In this case, some of this extreme ratio is being driven by the straightness of the trend-line. Since performance is capped between 0% and 100%, we know the trend cannot be straight forever. When we are so close to one of the bounds it is probably more accurate to use some kind of sigmoid trend-line. But no matter what kind of sigmoid we fit, the RL boost is still substantially smaller than the inference-scaling boost (and smaller in proportional terms too):
So that’s the simple case that most of the gains from RL-scaling are driven by the inference-scaling it opens up.
One obvious piece of further work would be to extend this analysis to models from other companies.
And an even more important piece of further work would be to examine the changes between generations of reasoning models. In particular, how would scaling up the RL post-training by a factor of 10 affect the inference-scaling trend-line? It would presumably move it up or left and might change its slope (though the ARC-AGI leaderboard suggests the slope usually stays the same). This extra RL training would presumably also enable longer chains of thought and thus more inference-scaling.

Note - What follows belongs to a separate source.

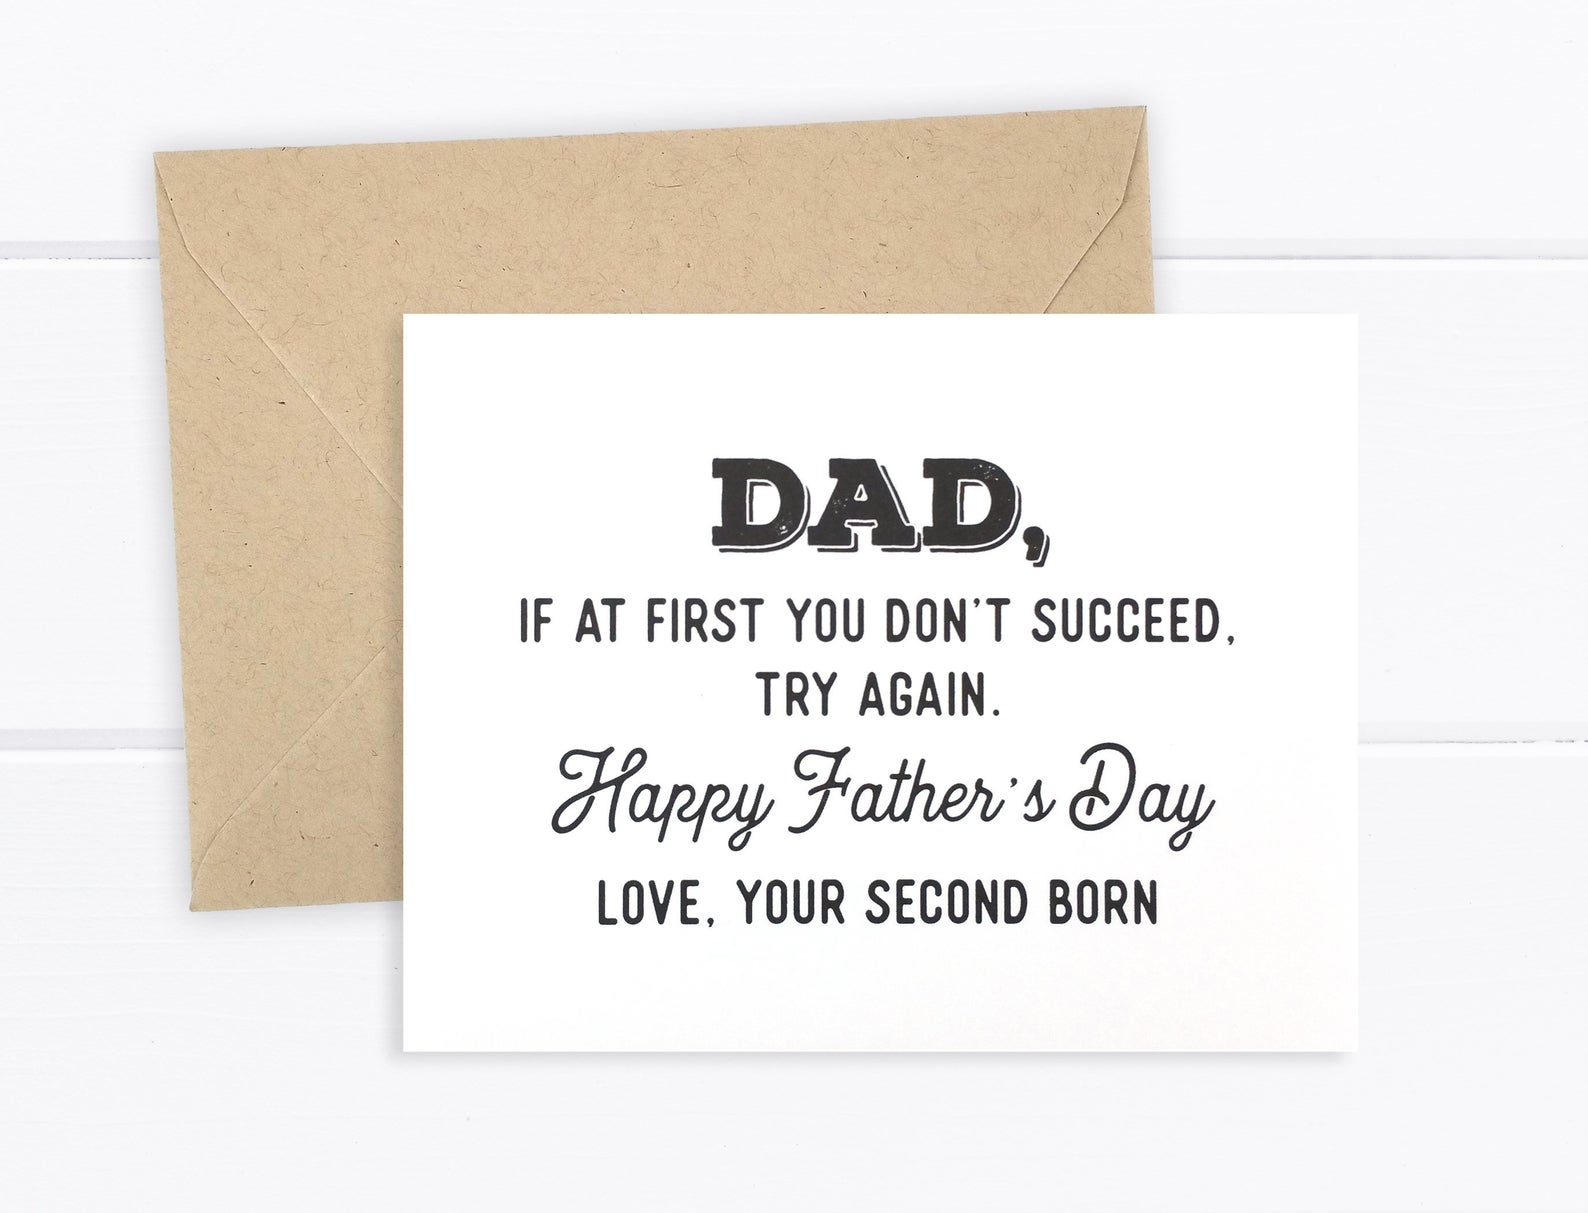 Funny Father's Day cards | Second Born Card by Firefly Paper Studio

The relationship between these two kinds of changes would determine whether further scaling of RL changes the importance of the RL boost compared to that of inference-scaling.
Alas, it is challenging for people outside the major labs to get the data to check this as simply using data from publicly released models will include gains from all other non-RL sources, inflating the apparent RL boost.
For now, I think the graphs we’ve seen here make a strong case that most of the gains from using RL to train reasoning models have been coming from scaling-up the number of tokens used to solve the task. This creates a flow of costs that have to be paid every time you use the model, substantially changing the business model, the risk profile, and the policy response.